[[ GIVEN DATA open ]]

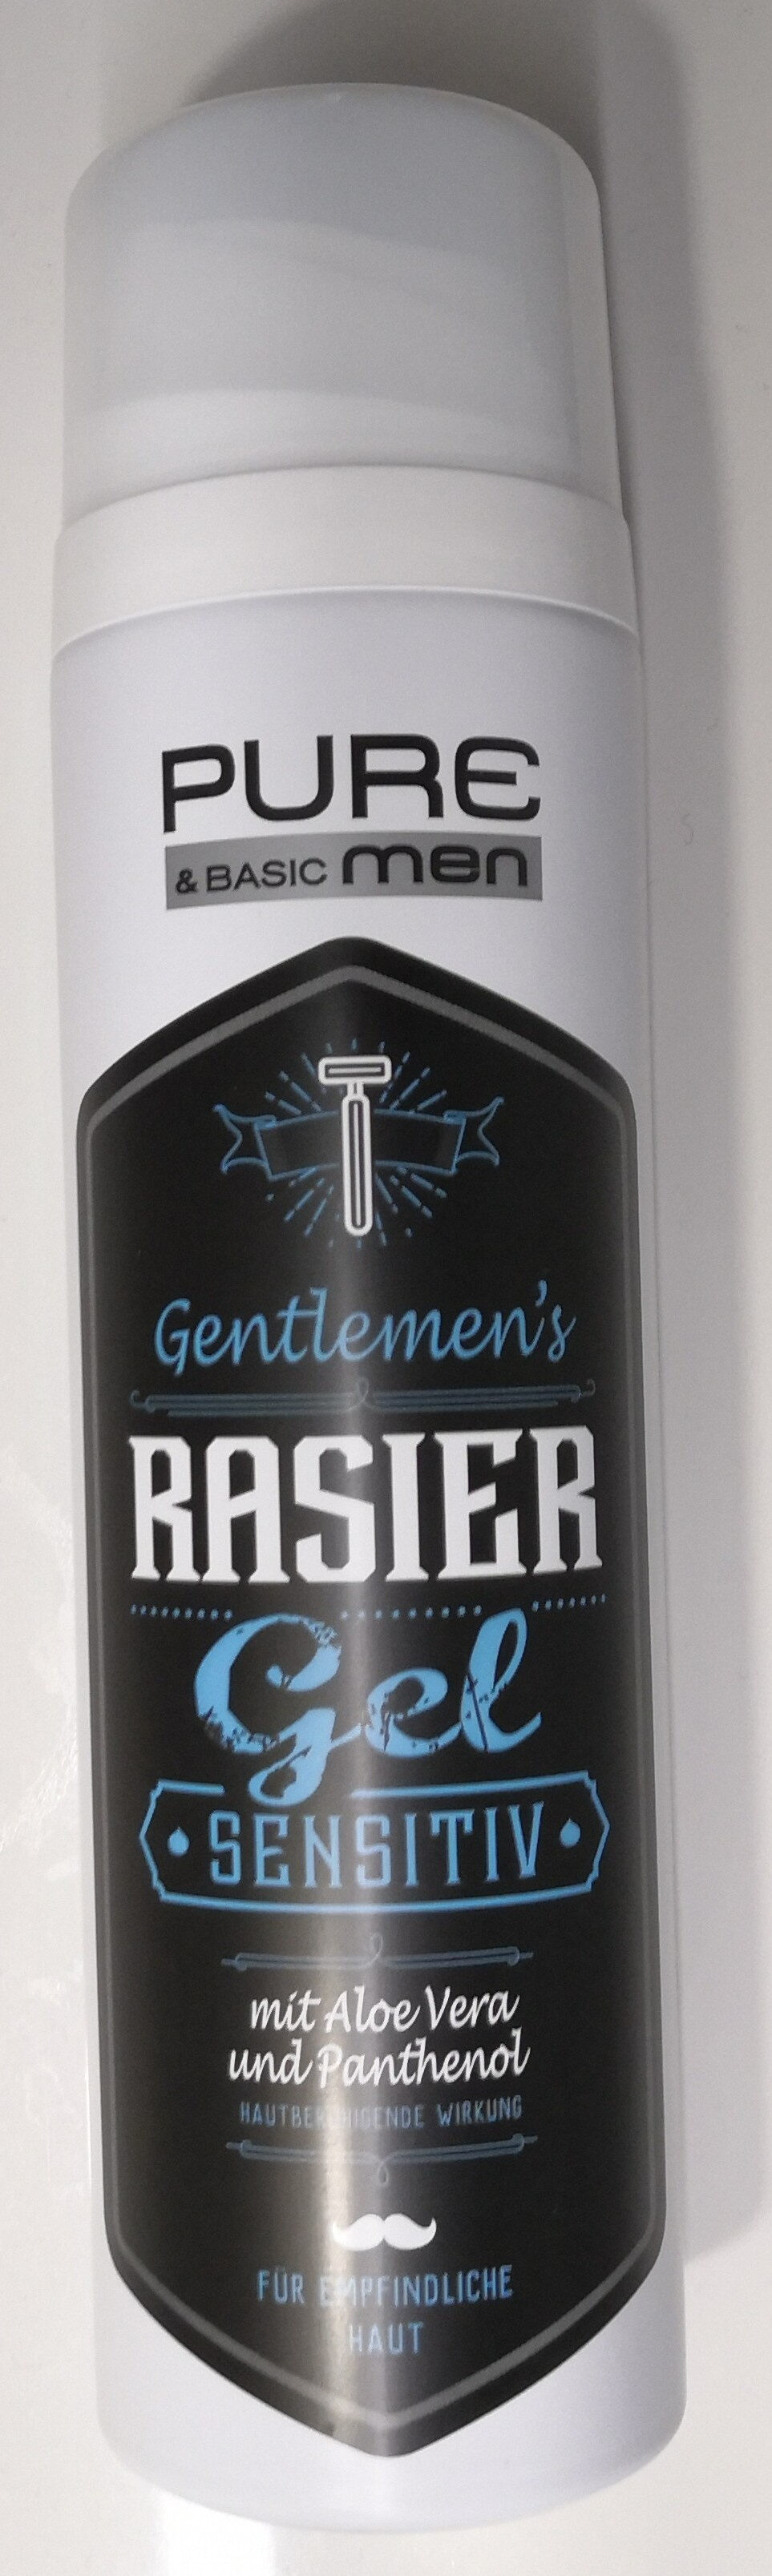 Gentlemen's Rasiergel, sensitiv mit Aloe Vera & Panthenol - Produit - de
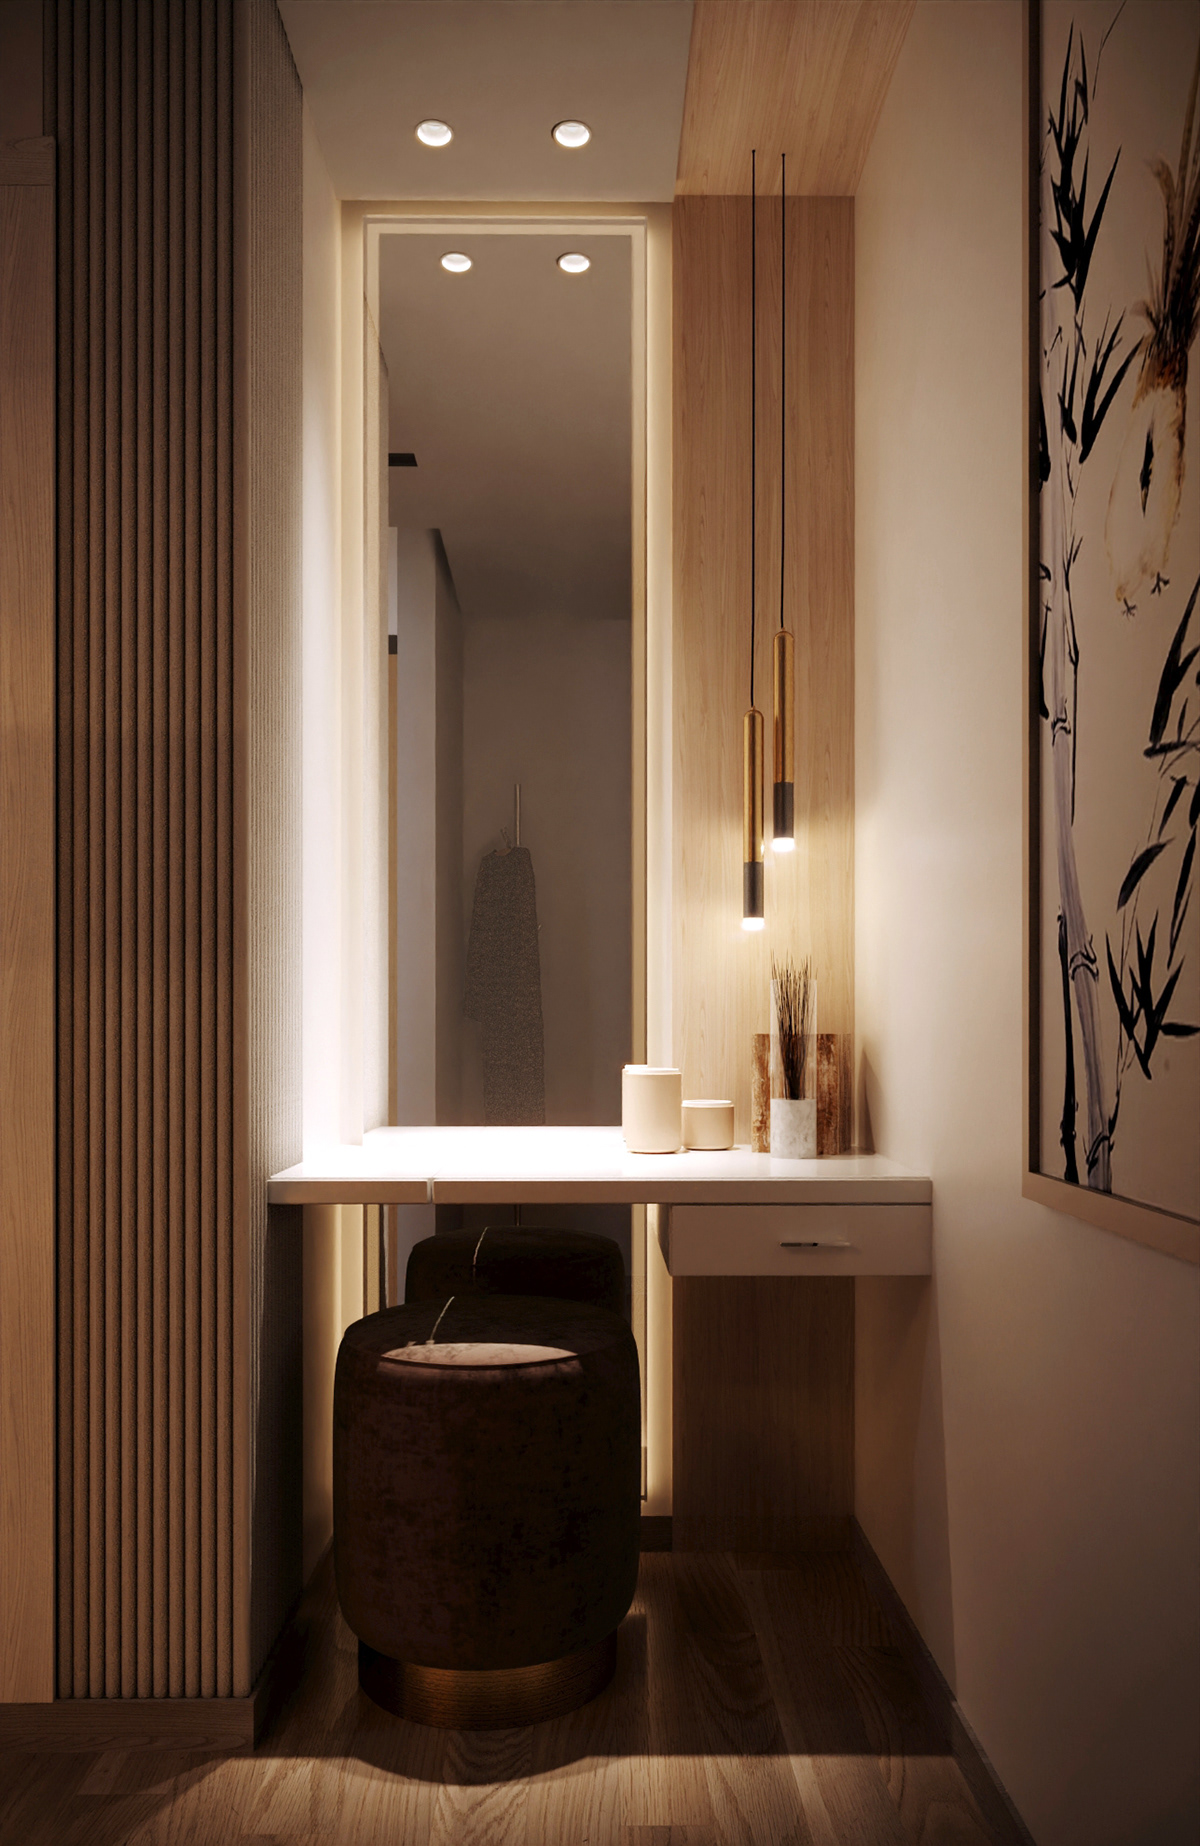 architecture art cairo design Interior japanese Minimalism bedroom residential visualization
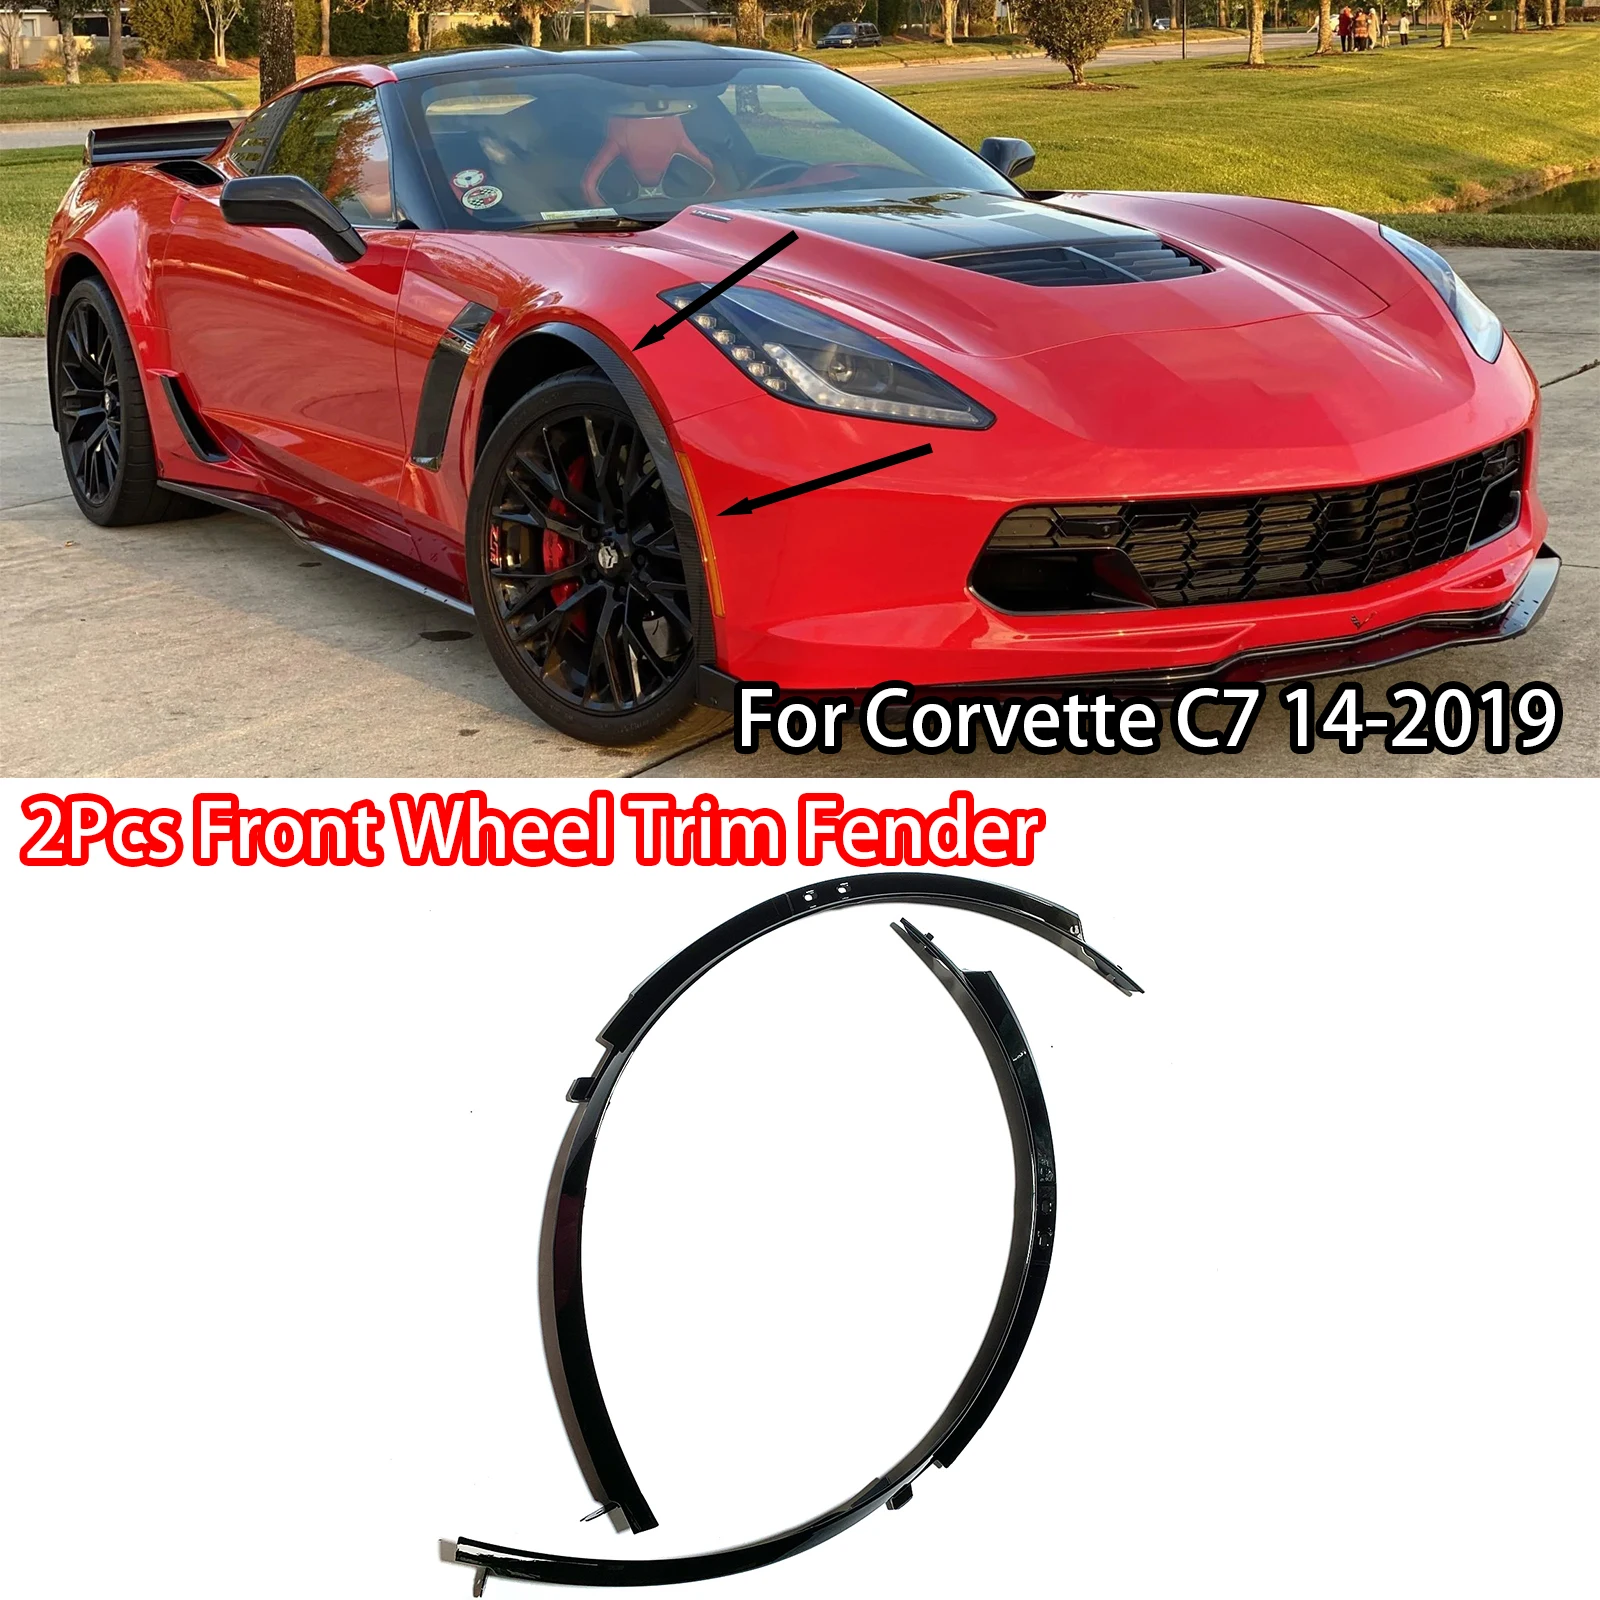 

For Corvette C7 2014-2019 2Pcs Front Wheel eyebrow Trim Fender Flares Glossy Black Carbon Fiber Look

[[ GIVEN DATA closed ]]

• **PROBLEM TO WORK ON**: Leave the images out as you retype each line of the material exactly.

• **EXERCISE RESULT**:
 Gentlemen's Rasiergel, sensitiv mit Aloe Vera & Panthenol - Produit - de
 architecture art cairo design Interior japanese Minimalism bedroom residential visualization

For Corvette C7 2014-2019 2Pcs Front Wheel eyebrow Trim Fender Flares Glossy Black Carbon Fiber Look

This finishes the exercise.